Experimental Example 4
[0136] A half cell was obtained by carrying out the same procedure
as in Experimental Example 1 except that polyvinylidene fluoride
[manufactured by KUREHA CORPORATION, trade name: KF polymer] was
used as a binder of the electrode material in place of
polyamide-imide in Experimental Example 1.
Test Example 2
[0137] The half cells obtained in Experimental Examples 1 and 4
were heated to 90.degree. C., respectively, and thereafter each of
the half cells obtained in Experimental Examples 1 and 4 was
charged and discharged repeatedly at a current value of 25 mA/g. In
each of the half cells obtained in Experimental Examples 1 and 4,
the charged capacity in the voltage range of 0 to 1.2 V was
examined for each cycle of charge and discharge. The capacity
retention rate was obtained according to the formula:
[[(charged capacity of each cycle)/(initial
capacity)].times.100].
Furthermore, the voltage and the electric capacity in the first,
third, fifth and tenth cycles of charge and discharge of the half
cell obtained in Experimental Example 1 were obtained. FIG. 3 shows
the results of examining, in Test Example 2, the relation between
the number of cycles and the capacity retention rate of each of the
half cells obtained in Experimental Examples 1 and 4. In FIG. 3,
closed rectangles represent the relation between the number of
cycles and the capacity retention rate of the half cell obtained in
Experimental Example 1, and open squares represent the relation
between the number of cycles and the capacity retention rate of the
half cell obtained in Experimental Example 4.

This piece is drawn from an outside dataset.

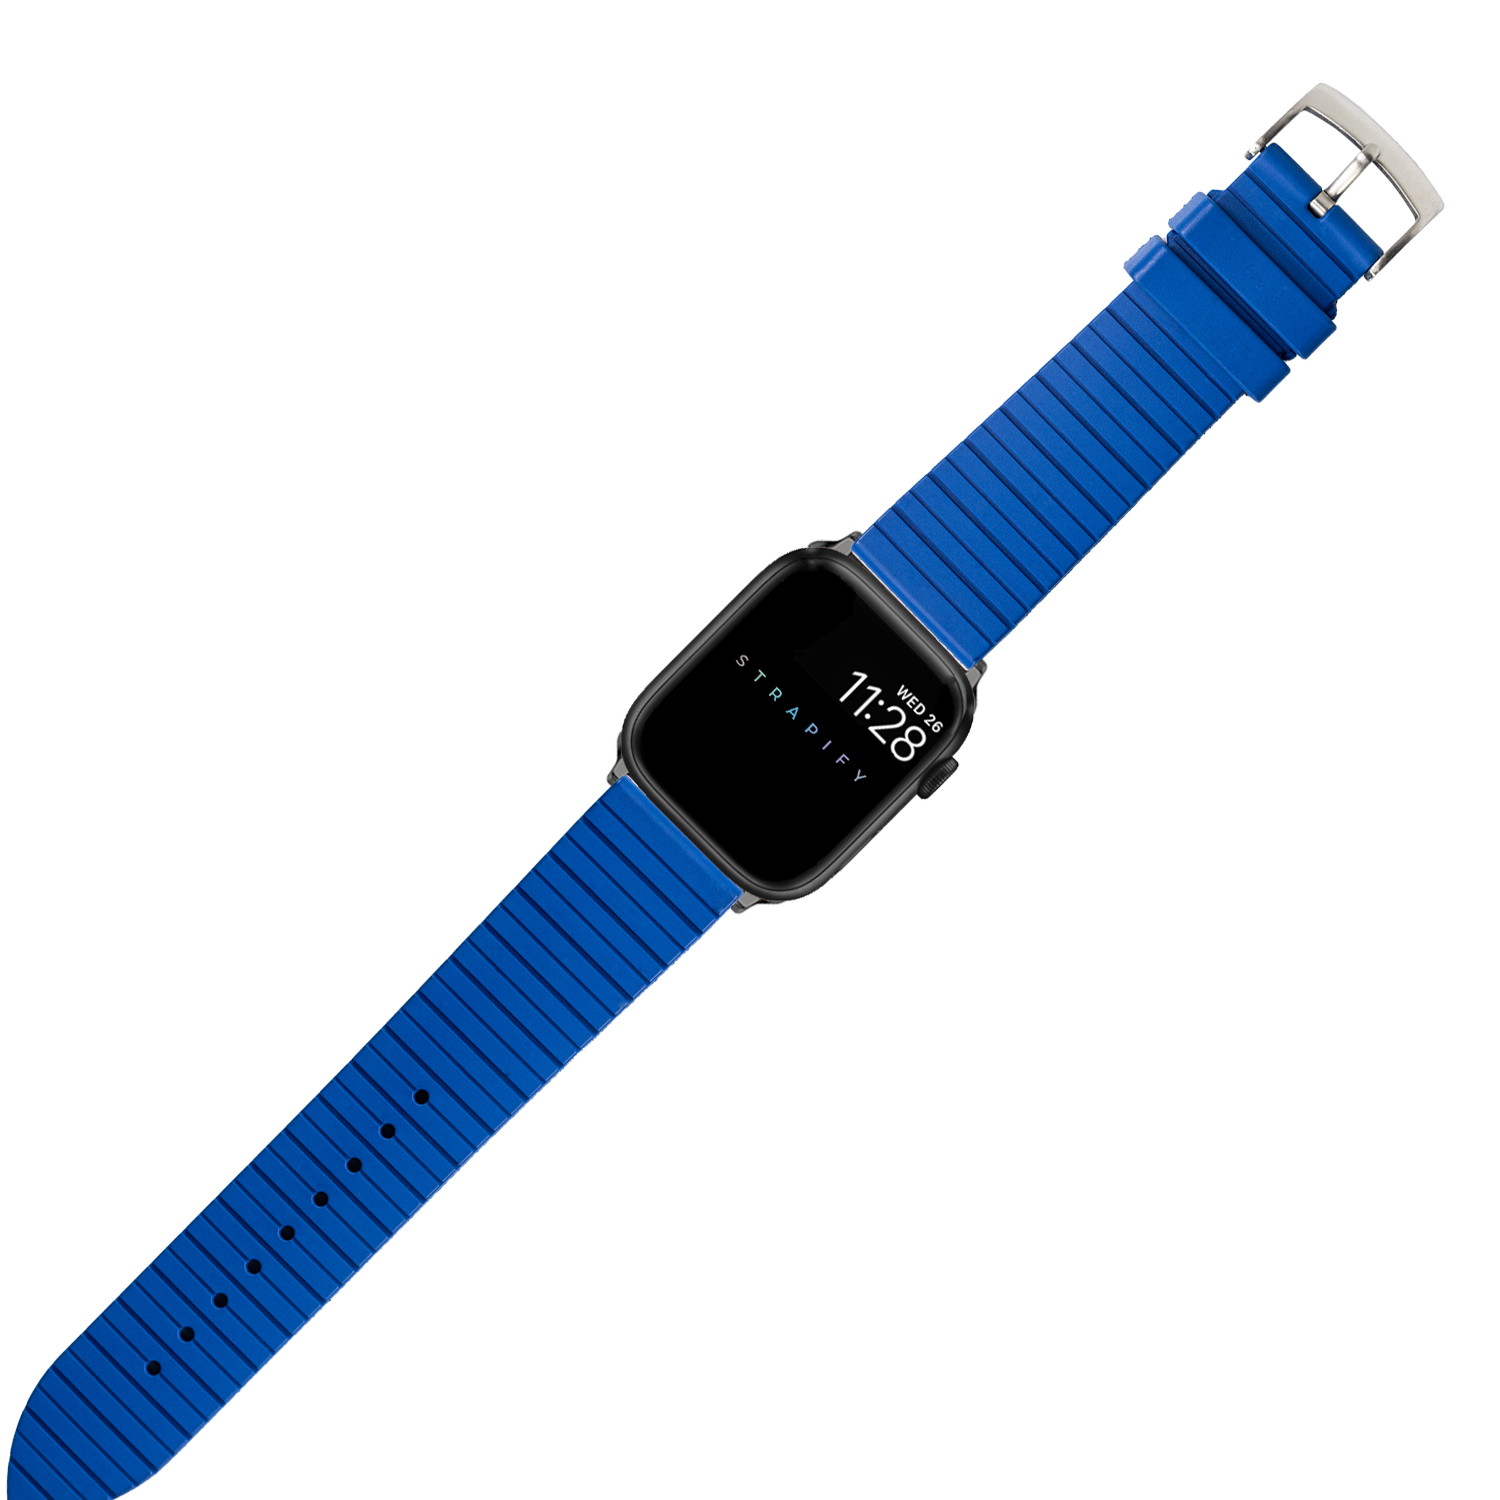 [Apple Watch] King Panelarc FKM Rubber - Royal Blue

[0138] Furthermore, in Test Example 2, charge/discharge curves of
the half cells obtained in Experimental Example 1 are shown in FIG.
4. In FIG. 4, (1a) represents the relation between the charged
capacity and the voltage after the first cycle of charge and
discharge was carried out, (1b) being the relation between the
discharged capacity and the voltage after the first cycle of charge
and discharge was carried out, (2a) being the relation between the
charged capacity and the voltage after the third cycle of charge
and discharge was carried out, (2b) being the relation between the
discharged capacity and the voltage after the third cycle of charge
and discharge was carried out, (3a) being the relation between the
charged capacity and the voltage after the fifth cycle of charge
and discharge was carried out, (3b) being the relation between the
discharged capacity and the voltage after the fifth cycle of charge
and discharge was carried out, (4a) being the relation between the
charged capacity and the voltage after the tenth cycle of charge
and discharge was carried out, and (4b) being the relation between
the discharged capacity and the voltage after the tenth cycle of
charge and discharge was carried out.
[0139] From the results shown in FIG. 3, in the half cell in which
polyvinylidene fluoride is used as a binder of the electrode
material (Experimental Example 4), it can be seen that the capacity
retention rate in the thirteenth cycle from the start of the charge
and discharge is less than 60%, and that the capacity retention
rate is remarkably deteriorated as the number of cycles of charge
and discharge is increased. A fluorine atom contained in
polyvinylidene fluoride is an atom having high reactivity with
metallic sodium. Therefore, it seems that since the binder is
deteriorated and the active material is exfoliated from the current
collector during charge and discharge in the half cell in which
polyvinylidene fluoride is used as a binder of the electrode
material (Experimental Example 4), the capacity retention rate is
remarkably deteriorated as the number of cycles of charge and
discharge is increased. On the contrary, from the results shown in
FIGS. 3 and 4, it can be seen that the cycle properties are not so
changed even if the number of cycles of charge and discharge is
increased in the half cell in which polyamide-imide is used as a
binder of the electrode material (Experimental Example 1), and that
a capacity retention rate of not less than 85% is secured.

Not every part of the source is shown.